Brooks rocketed to fame with 2000’s Bobos in Paradise, a hilarious and prescient look at America’s new bourgeois-bohemian elite. And last night, in a prelude to the Social Animal discussion, he was at his old best scattershooting at the Bobos: How, for example, it’s OK for them to drive a “luxury” car like a Volvo or a Saab–”so long as it’s from a country that’s hostile to U.S. foreign policy.” Then, unfortunately, he launched into this long discussion of some woman named Erica–apparently this is a character he made up for the new book–who was empathetic and purposeful and who used her emotions to … do something sort of important with her life, but it wasn’t really clear what it was.

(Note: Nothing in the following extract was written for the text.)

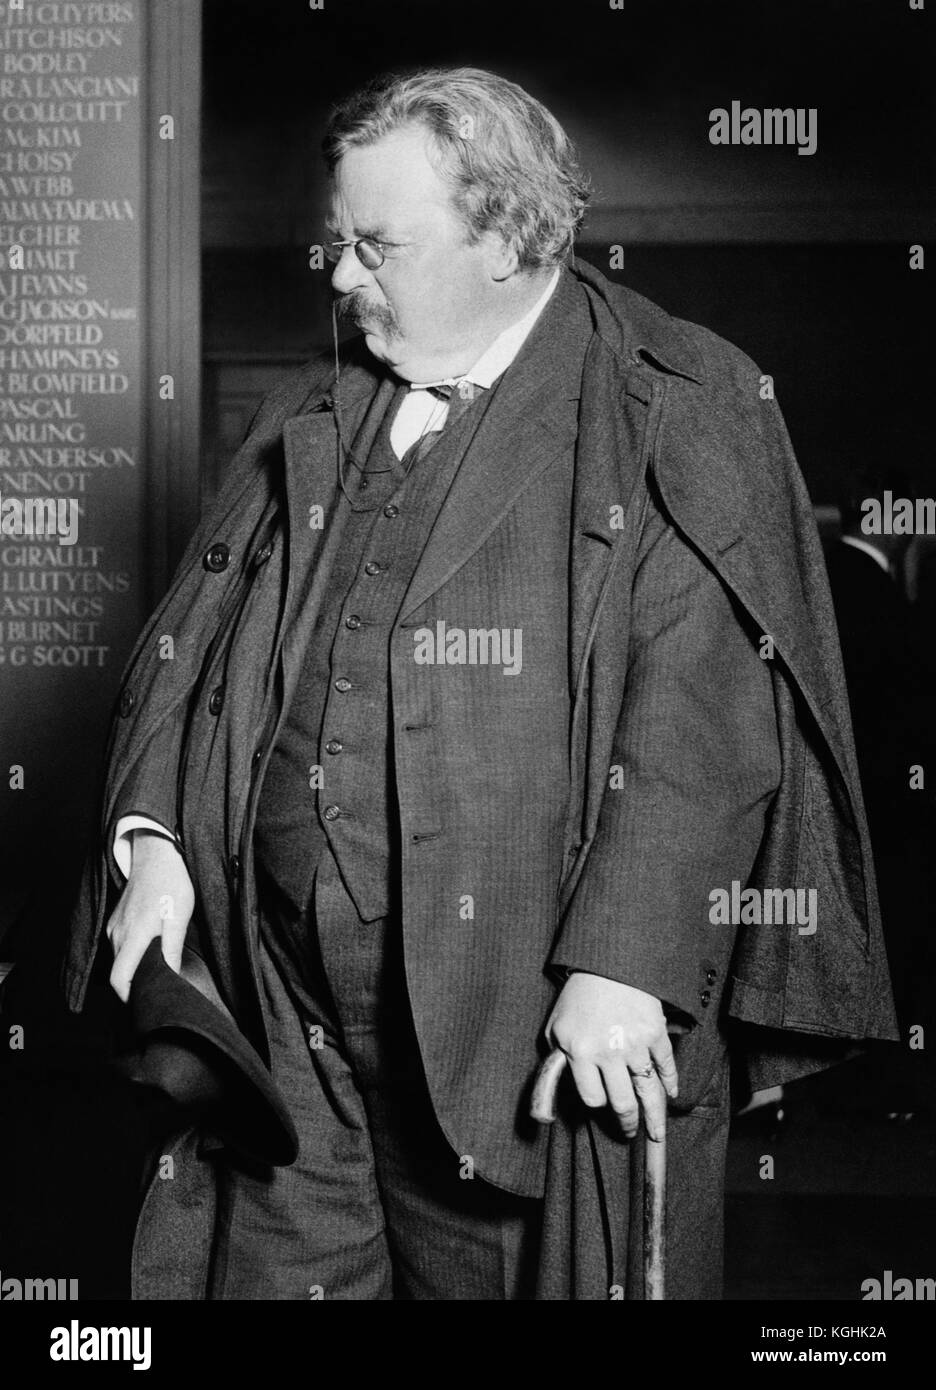 Gilbert Keith Chesterton (1874 - 1936), bekannt als G.K. Chesterton, 1925 mit charakteristischem zerknittertem Hut, Umhang und Stock (Schwertstab). Chesterton war ein englischer Schriftsteller, Philosoph, Dramatiker, Dichter, Journalist, Redner, Laientheologe, Biograph, christlicher Apologe, Literatur- und Kunstkritiker. Er ist vor allem bekannt für Werke wie die Orthodoxie (1908), die Geschichten von Pater Brown (1910-1935), der ewige Mann (1925), der Mann, der Donnerstag war (1908) und der Napoleon von Notting Hill (1904). Stockfoto

Sensitivity and our unconscious thoughts are too often ignored, I believe Brooks was saying, and if we don’t make public policies that speak to “our central emotional natures,” it’s, well, it’s going to be too bad for us.

When he was finished, a questioner asked–rightly I thought–for Brooks to please give an example of how public policy would be smarter if only we would address our emotional natures.

In response, he pointed to the U.S. “COIN” counter-insurgency program in Afghanistan, which seeks, Brooks said, to “build networks” among the Afghani people, leading (everyone hopes) to lasting democratic reform there.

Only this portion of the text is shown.